**Information supplied**
# # #

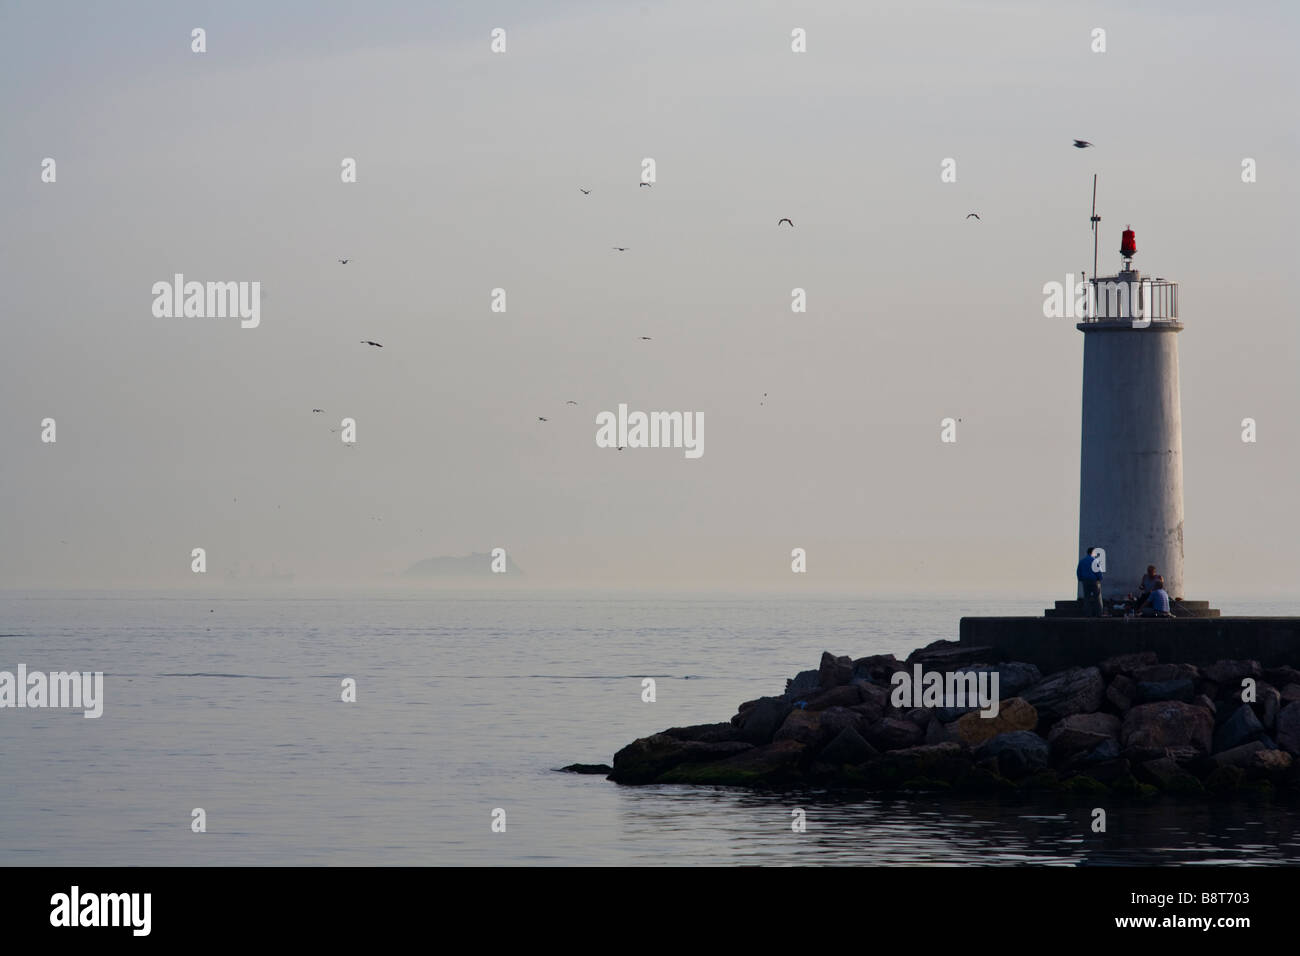 A lighthouse on the Bosphorus, Istanbul, Turkey. Stock Photo
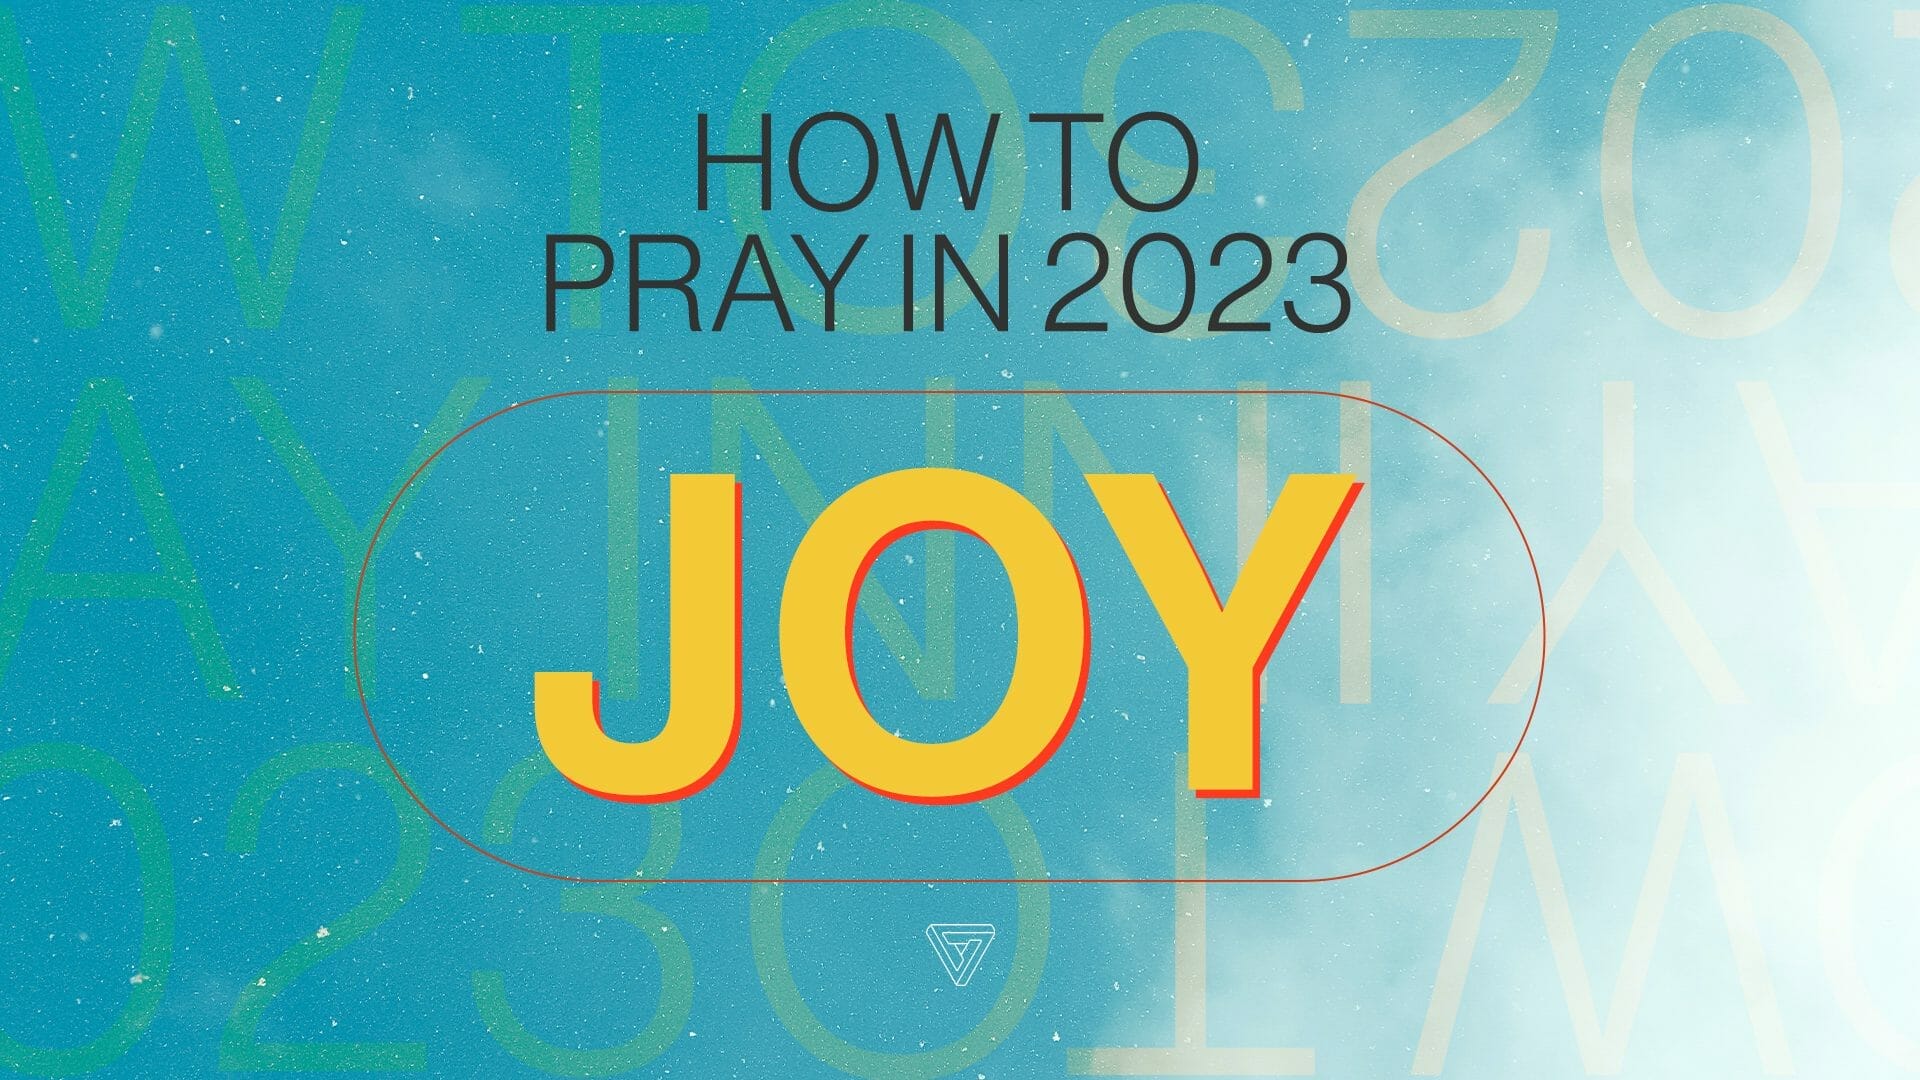 Joy Prayer Structure
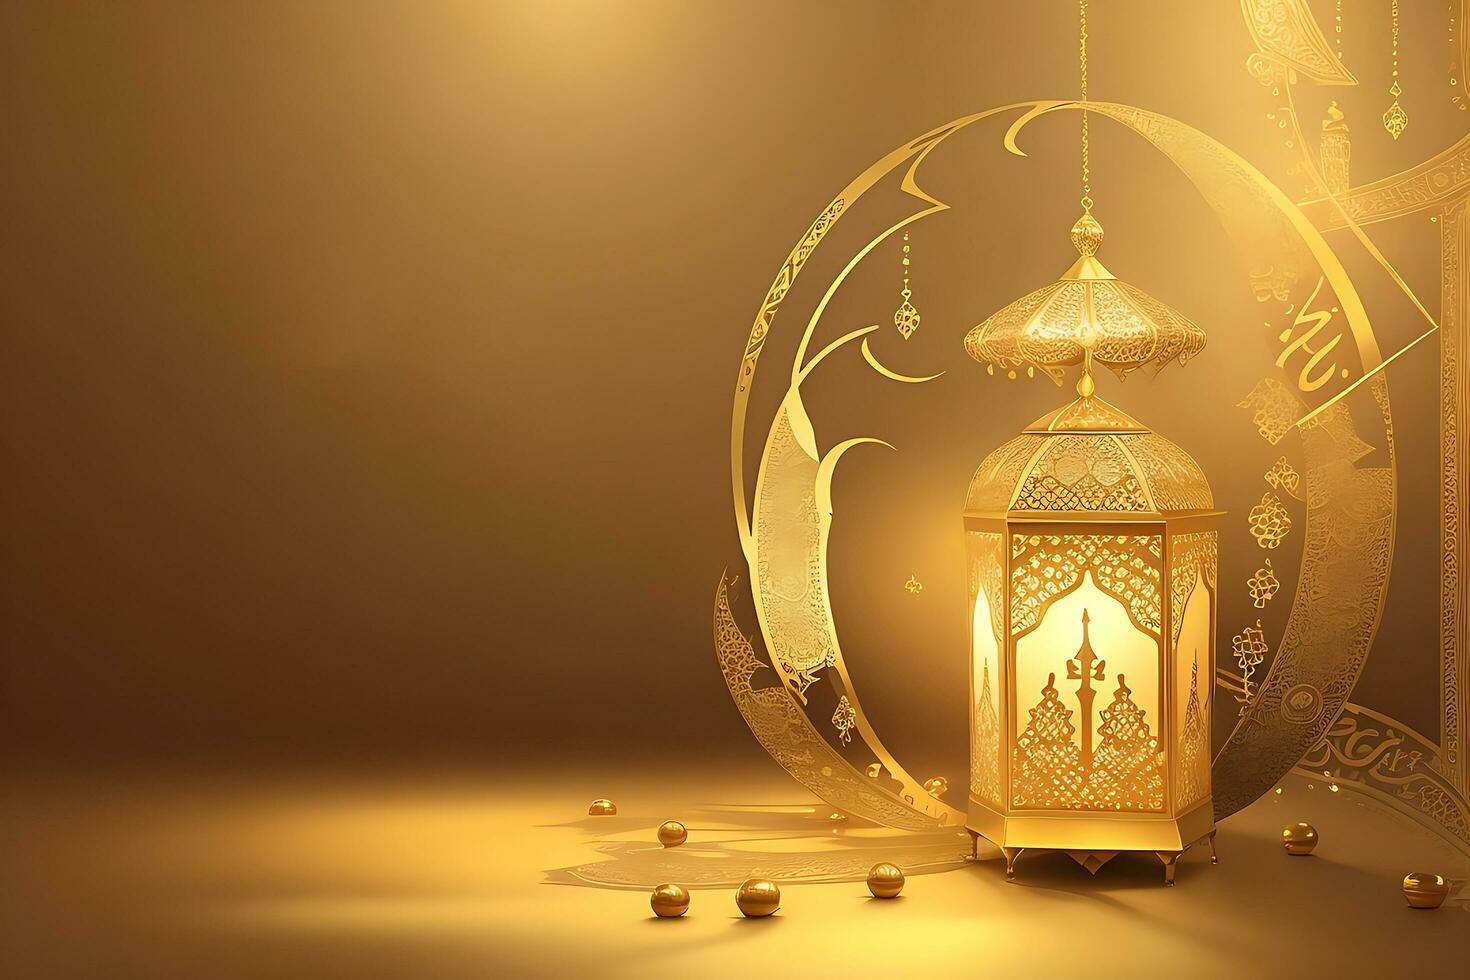 ai generato Arabo lanterna con ardente candela raggiante a notte per musulmano santo mese Ramadan kareem foto
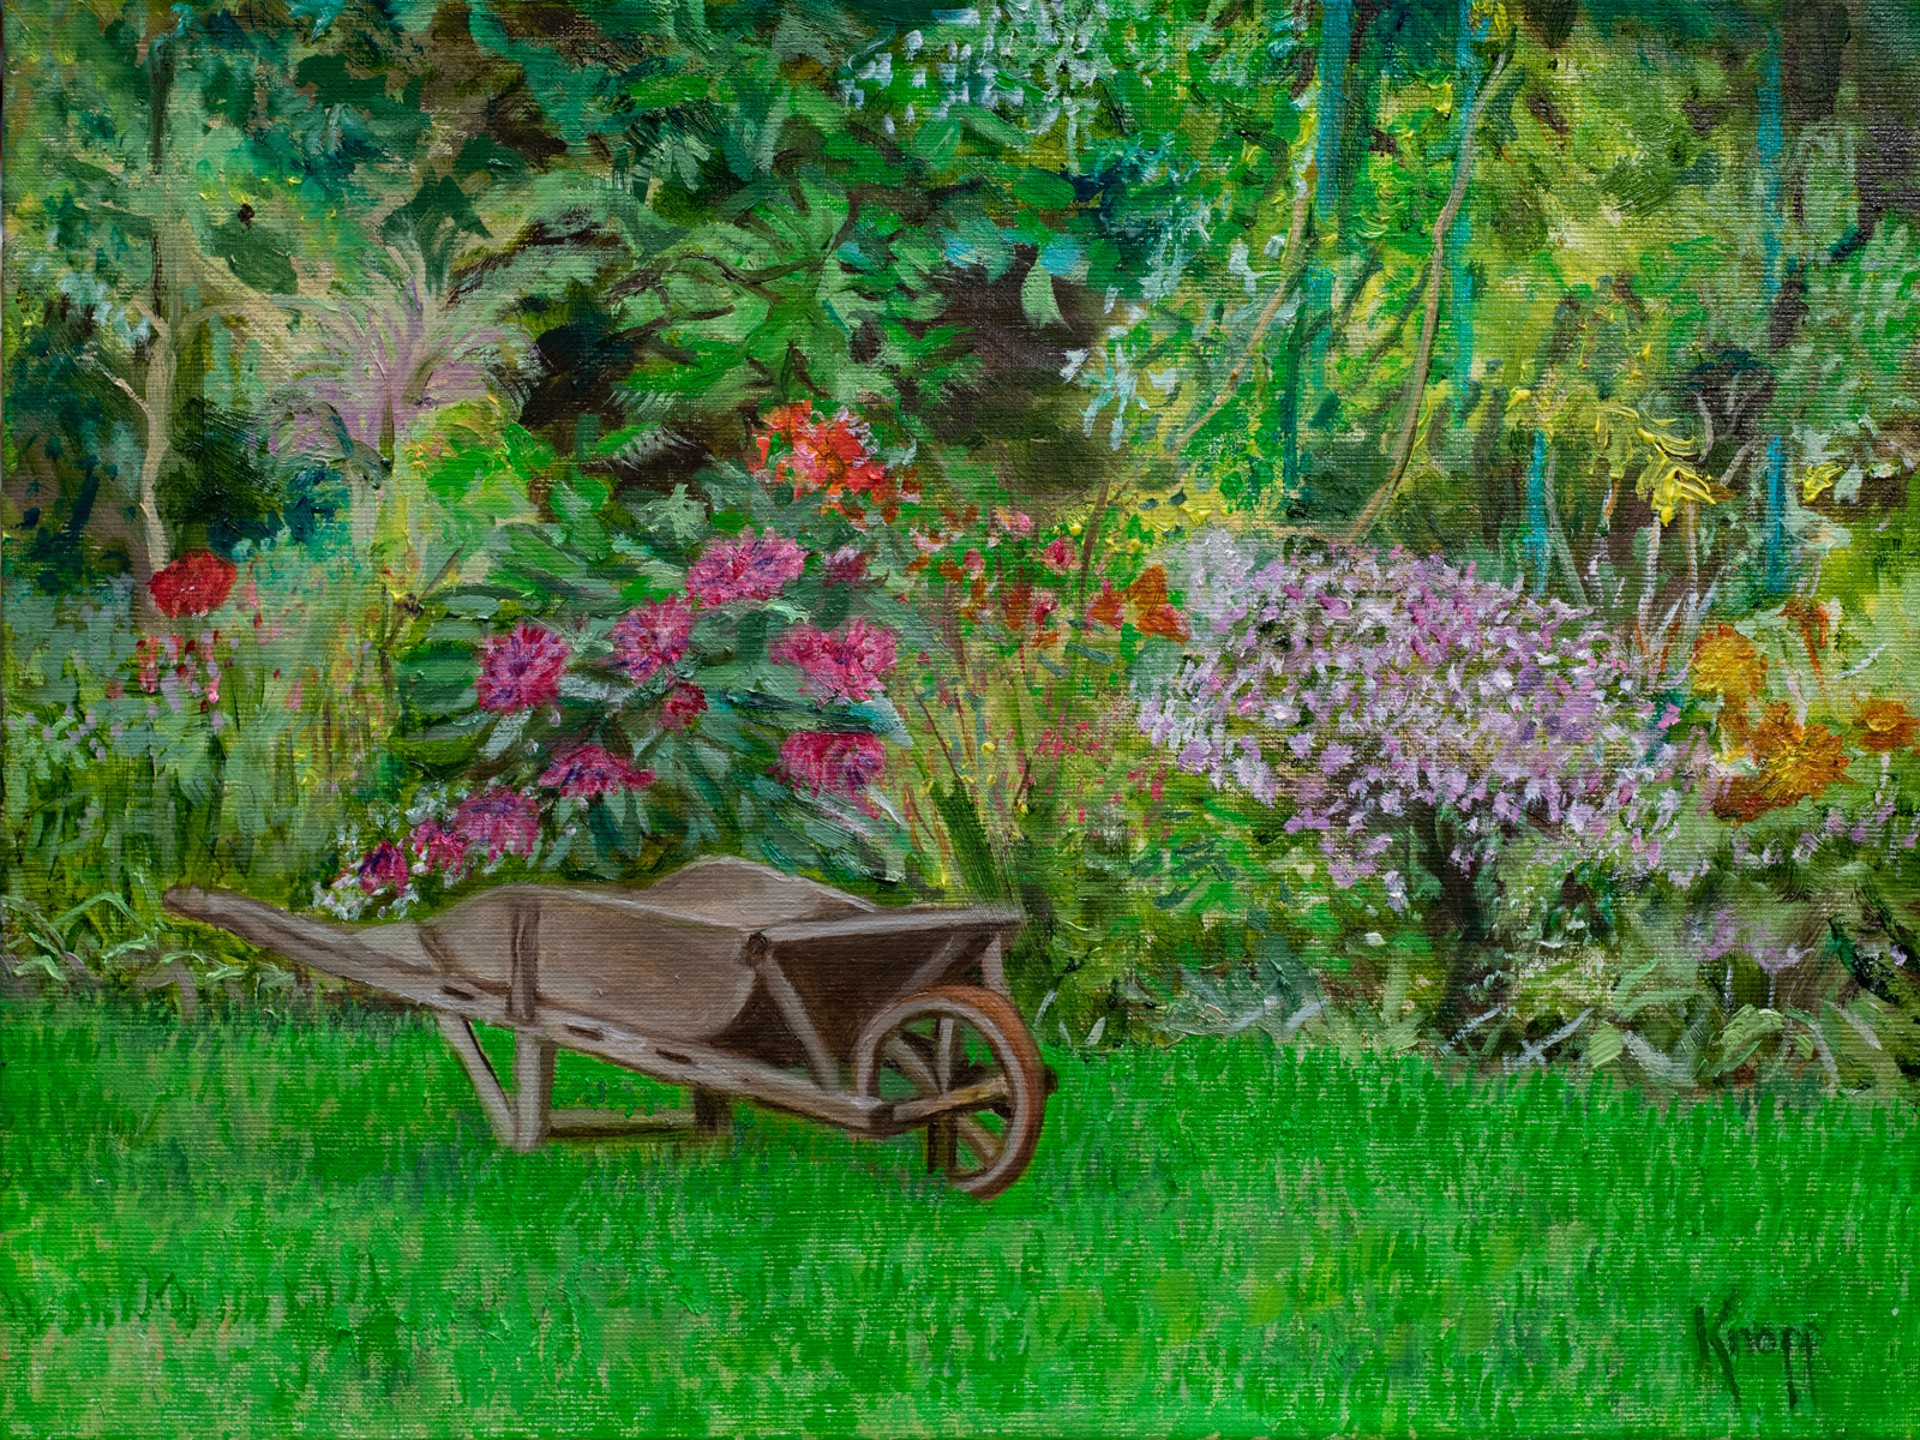 Monet's Wheel barrel by Kathy Knopp

# # #

Keeping every word as it is, write out all the data and omit the pictures.

**Your solution**
 A lighthouse on the Bosphorus, Istanbul, Turkey. Stock Photo
 Joy Prayer Structure
 ai generato Arabo lanterna con ardente candela raggiante a notte per musulmano santo mese Ramadan kareem foto
 Monet's Wheel barrel by Kathy Knopp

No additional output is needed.